In augustus 1944 dwongen de Amerikanen de Britten een overeenkomst af, om bij de oliewinning samen te gaan werken. Deze overeenkomst werd uiteindelijk niet geratificeerd omdat de Amerikaanse oliemaatschappijen vreesden dat de regeringen van de twee landen op grond van dit akkoord de ondernemingen zouden gaan controleren. Op 24 september 1945 werd door de twee regeringen (onder president Truman en premier Attlee) een nieuwe overeenkomst gemaakt over de exploitatie van olie in ‘derde’ (!) landen, maar ook deze overeenkomst wwerd uiteindelijk niet ondertekend. Wel sloot de Anglo-Iranian een overeenkomst met twee maatschappijen van de Standard-groep die ook aandeelhouders waren van de IPC: de Standard of Jersey (ESSO, Exxon) en de Standard of New York (Mobil, Socony-, Vacuum). De drie ondernemingen legden tezamen de Mepline (Middle East Pipeline) aan om de olie van de Perzische Golf door Iraq en Syrië naar de haven van Tartus te kunnen pompen.
Het akkoord van 1945 werd dus niet geratificeerd, maar het liep wel vooruit op de plannen van de Amerikaanse minister Kissinger om de stroom olie ongehinderd naar het Westen te laten vloeien. Hij stelde op 23 april 1973 voor, toen die vrije olietoevoer dreigde te stagneren, om daartoe een alliantie te vormen van de VS, West-Europa en Japan.
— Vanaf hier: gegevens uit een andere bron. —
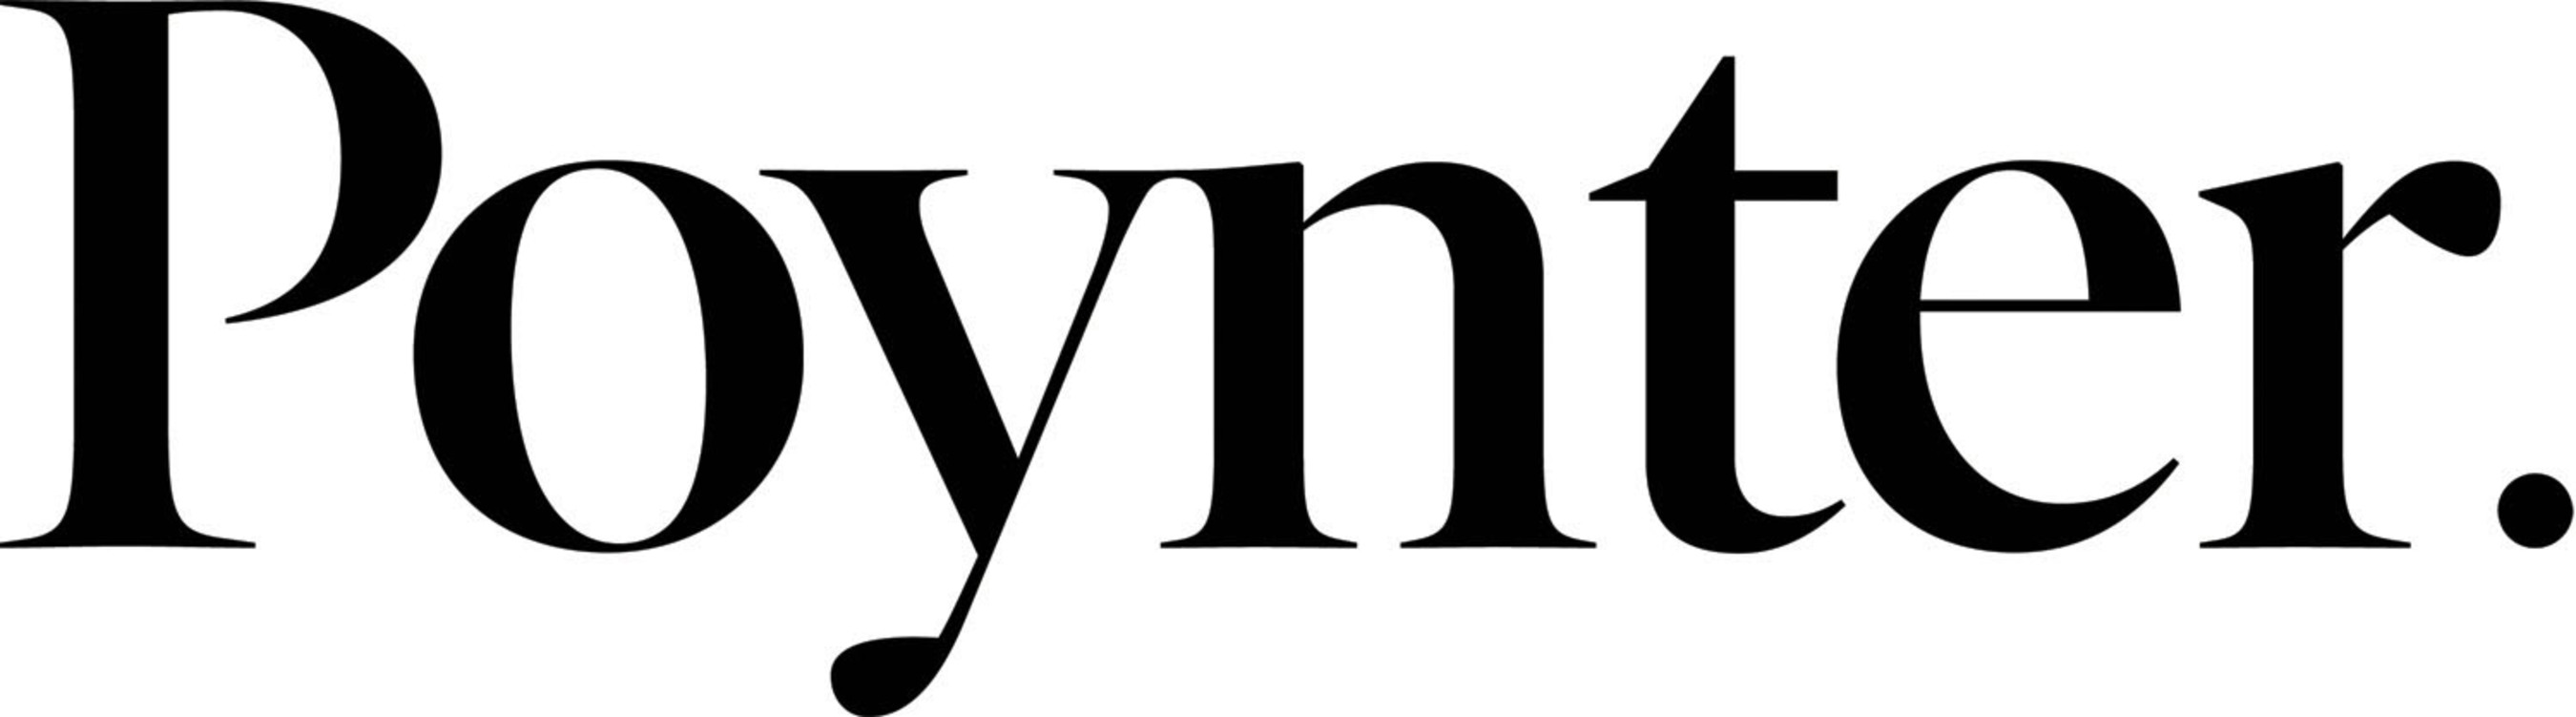 The Poynter Institute Logo

de ‘Zeven Zusters’ en de OPEC
In de wereld van de oliebaronnen heeft men het over de ‘Zeven Zusters’ wanneer het gaat over de grootste multinationale oliemaatschappijen, die elkaar soms beconcurreren maar meestal nauw samenwerken.
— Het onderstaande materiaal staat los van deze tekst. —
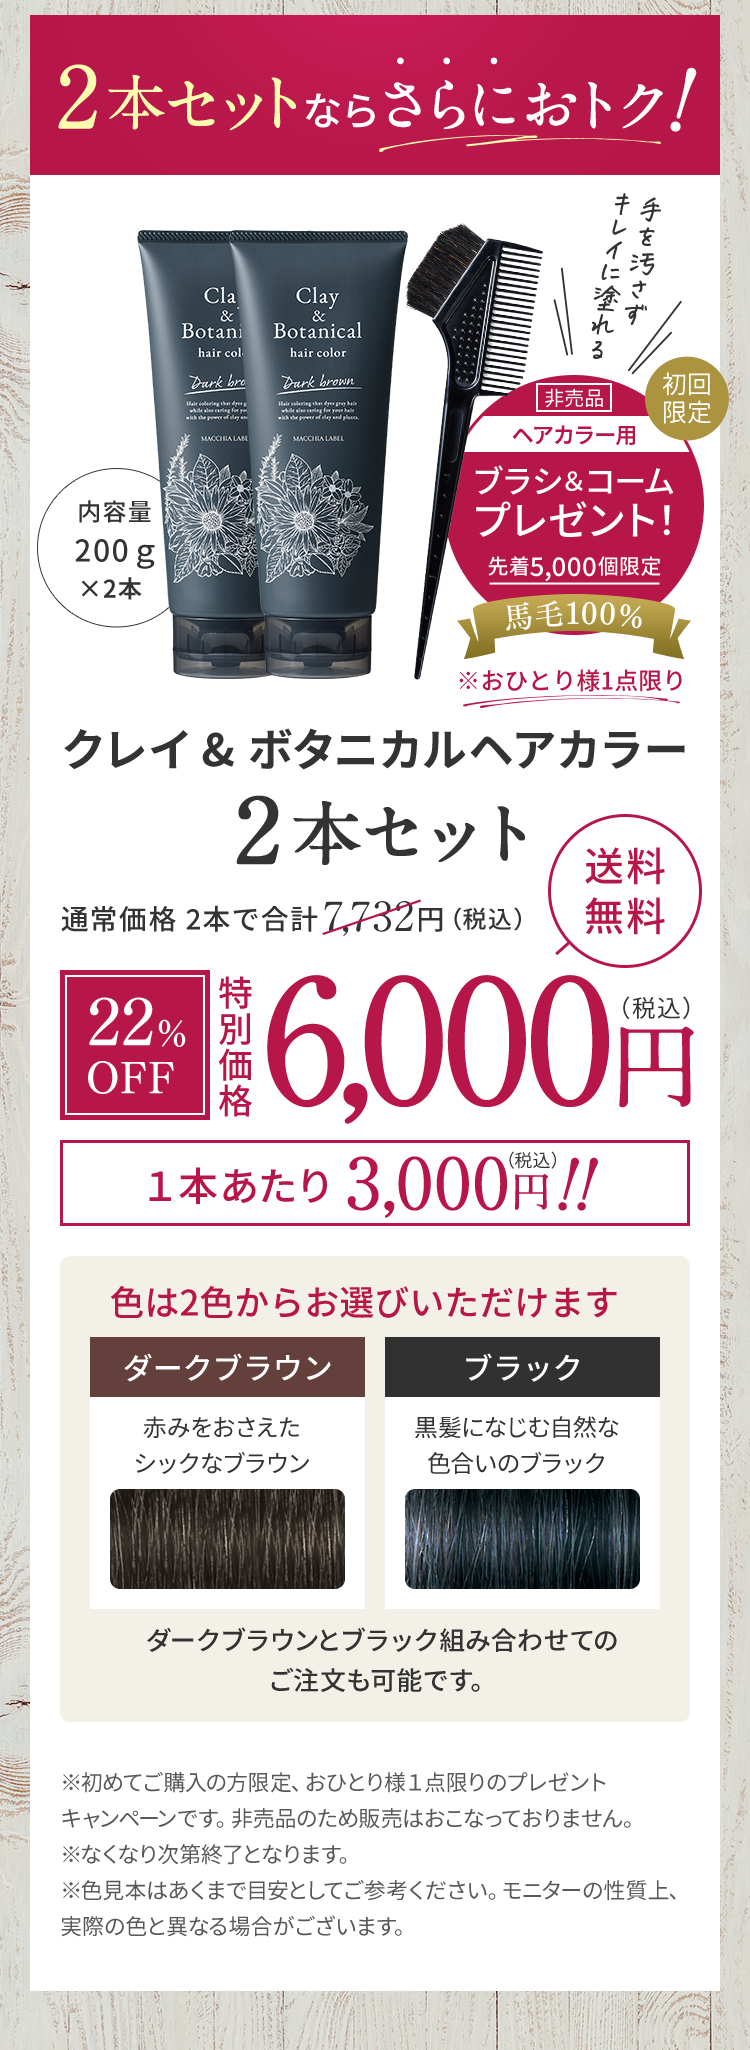 クレイ&ボタニカルヘアカラー2本セット 6,000円

In de VS begon John D. Rockefeller vanaf 1860 aan zijn rijk te bouwen: de Standard Oil Company. Na het aannemen van de anti-trustwet in 1911 werd de Standard opgedeeld in vier ondernemingen die allen daarna nog groter zouden worden dan het moederbedrijf. De vier concerns, die nogal eens van naam veranderen, zijn: 1. de Standard of New Jersey; ESSO, Exxon; 2. de Standard of New York; Mobil; Socony-Vacuum; 3. de Standard of California, en 4. de Texaco. De laatste twee vormden later weer de Caltex, die later weer Chevron werd genoemd. De familie Rockefeller heeft nogal grote belangen bij deze vier dochters. In 1975 werden ze met name behartigd door David Rockefeller, de broer van Nelson Rockefeller die in 1974 vice-president werd van de Verenigde Staten (in de periode dat er een ernstige oliecrisis aan de gang was!). De familie Rockefeller heeft meer belangen, ze is ondermeer nauw betrokken bij de belangrijke Chase Manhattanbank.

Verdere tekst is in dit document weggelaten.